In the News

Fish Talk in the News – Friday, October 30

Ocean acidification is threatening Maine's clam flats. Photo credit: Caleb Slemmons

  • Gulf of Maine cod populations have collapsed to historic lows, and a new study from the Gulf of Maine Research Institute says ocean warming has limited its ability to recover. The warmer temperatures have resulted in fewer fish reaching adulthood. Fisheries management models, however, have not accounted for temperature trends and have thus overestimated population sizes. So, even when fishermen do not exceed their quotas, overfishing is still occurring. Science, AP, and The Boston Globe have all reported on the study.

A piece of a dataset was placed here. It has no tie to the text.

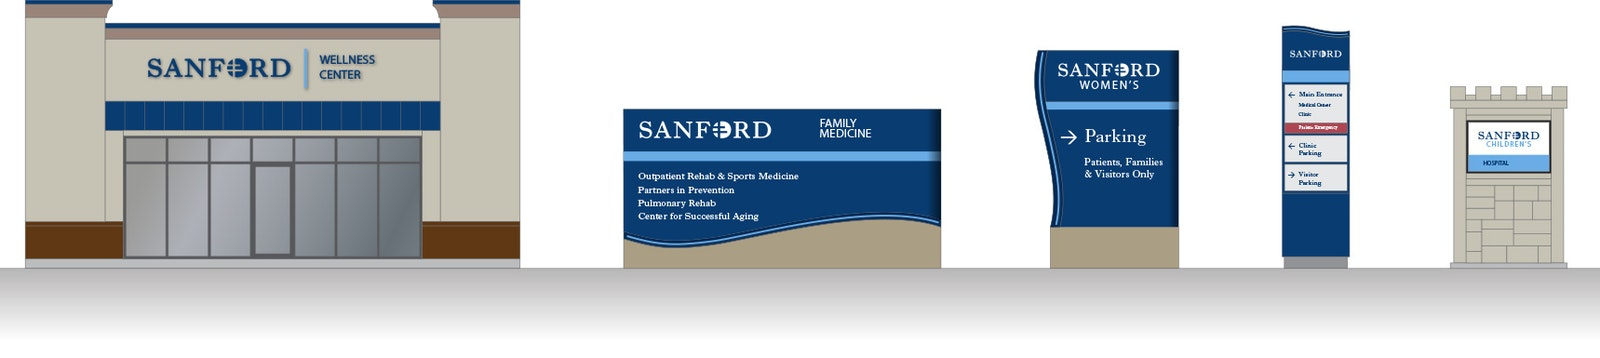 Sandford signage

  • NOAA Fisheries released Fisheries of the United States 2014, its annual report on seafood landings and value. 2014 commercial landings and value were slightly lower than 2013 numbers, but show stability overall. According to NOAA, 2014 landings and value are above the average for the last five years. New England saw a slight increase in 2014 landings and value compared to 2013. Over 80% of landings were in Maine and Massachusetts. New Bedford, MA had the most valuable catch for the fifteenth consecutive year.

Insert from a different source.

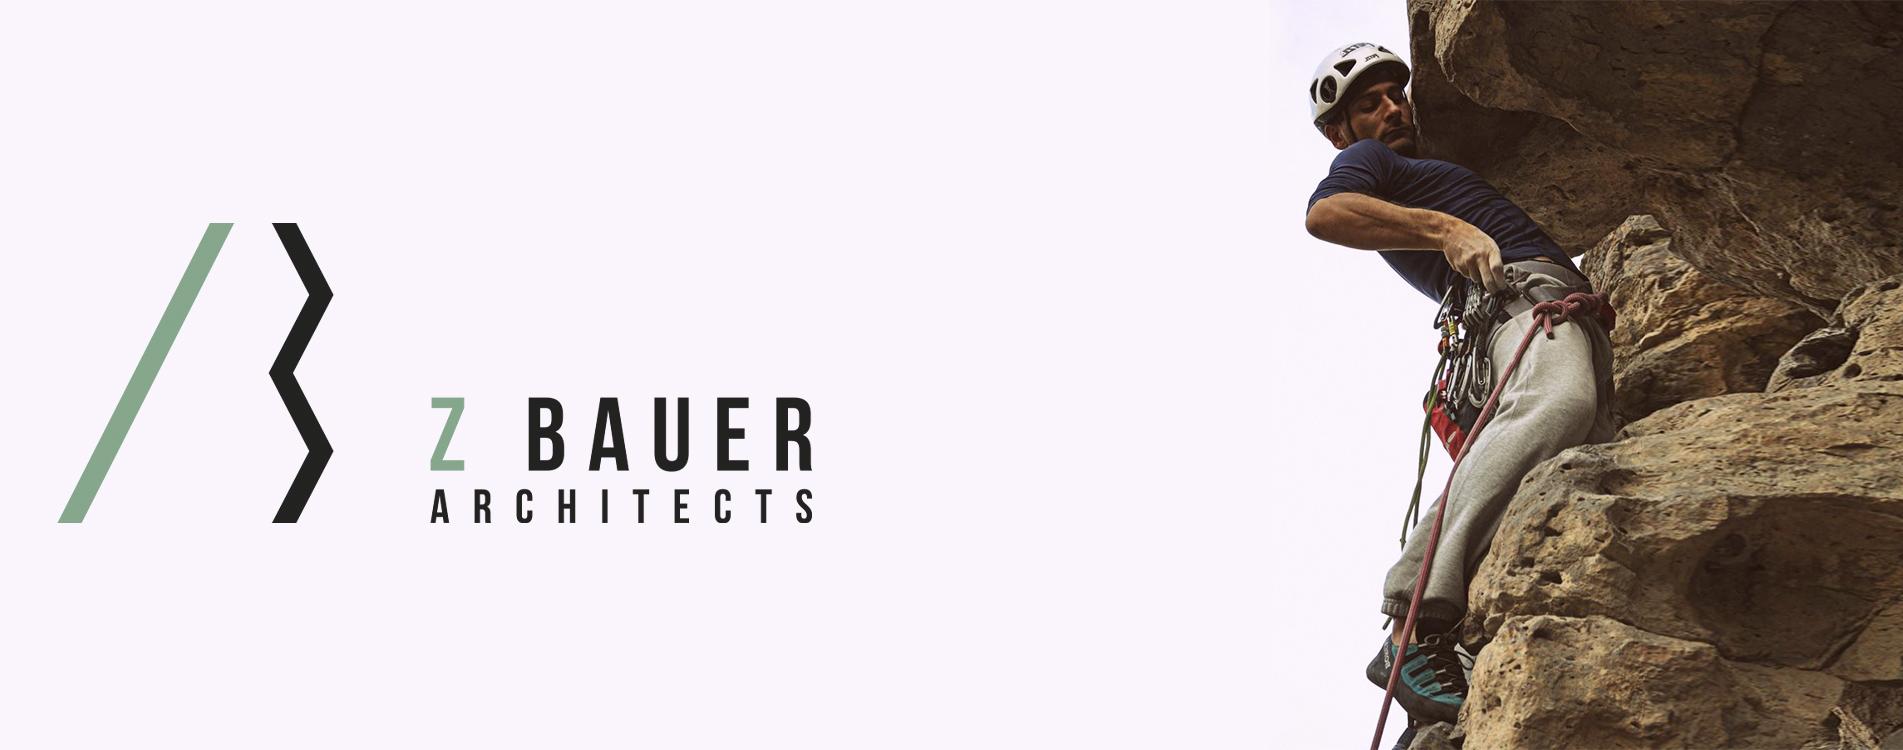 Zohrab Bauer Architect Philosophy Nature 8

  • Warmer waters in the Gulf of Maine have given invasive species such as green crabs the upper hand in the region according to Part 4 of Mayday: Gulf of Maine in Distress. Green crabs have destroyed eelgrass beds, which typically serve as important habitat for other fish and shellfish species. On the bright side, blue crabs have also begun to enter the region and started to prey on the green crabs, but it’s still unknown if they will impact eelgrass beds as well. Other species arriving from the Mid-Atlantic such as longfin squid and black sea bass may actually create economic opportunity.
  • Part 5 in the series addresses the impacts of climate change on Maine’s shellfish industry, specifically mussels impacted by increasingly acidic waters, the result of warmer water and increased precipitation. Woodard reports that monitoring buoys have recorded a 0.3 percent increase in carbon dioxide levels since 2007. These conditions impact both wild and farmed populations of shellfish since they cannot build their shells. The article reports on researchers around the country are working hard to better understand the impacts of ocean acidification on shellfish.
  • Woodard concludes his week-long series in Part 6 by stating that Maine legislators have not done enough to combat the effects of climate change and ocean acidification. GMRI fisheries ecologist Katherine Mills said, “We have to pay attention to the factors we can exert some control over and try to identify ones that would produce the best possible return, the best bang for your buck.” Woodard reports on environmental groups doing their best on the ground, but says their efforts are limited because “the state government isn’t doing more.”
  • New research indicates that a twenty year moratorium on Atlantic cod in northern waters may have been successful. According to a study published this week, within the last decade, cod biomass increased from tens of tons to over 200,000 tons. The Canadian fishing ban still remains in place.
  • Dr. Kathy Sullivan, NOAA Administrator, met with the New Bedford commercial fishing community during part of her trip to New England this week. The meeting was the first between the two since 1993 and served to open communications. Dr. Sullivan said, “It has improved my understanding from talking to people who work out on the water…There are a lot of factors that put people at odds.” She also emphasized the importance of bringing together data and fishermen observations to promote sustainable fisheries.
  • A free lecture series at the New Bedford Whaling Museum begins next week. The series, “Whales in the Heart of the Sea: Our Heritage, Culture, and Changing Values Over Time” will feature three lectures (November 3, 10, and 17) exploring “the connection between the whaling industry of the past and the modern-day understanding and conservation of whales.”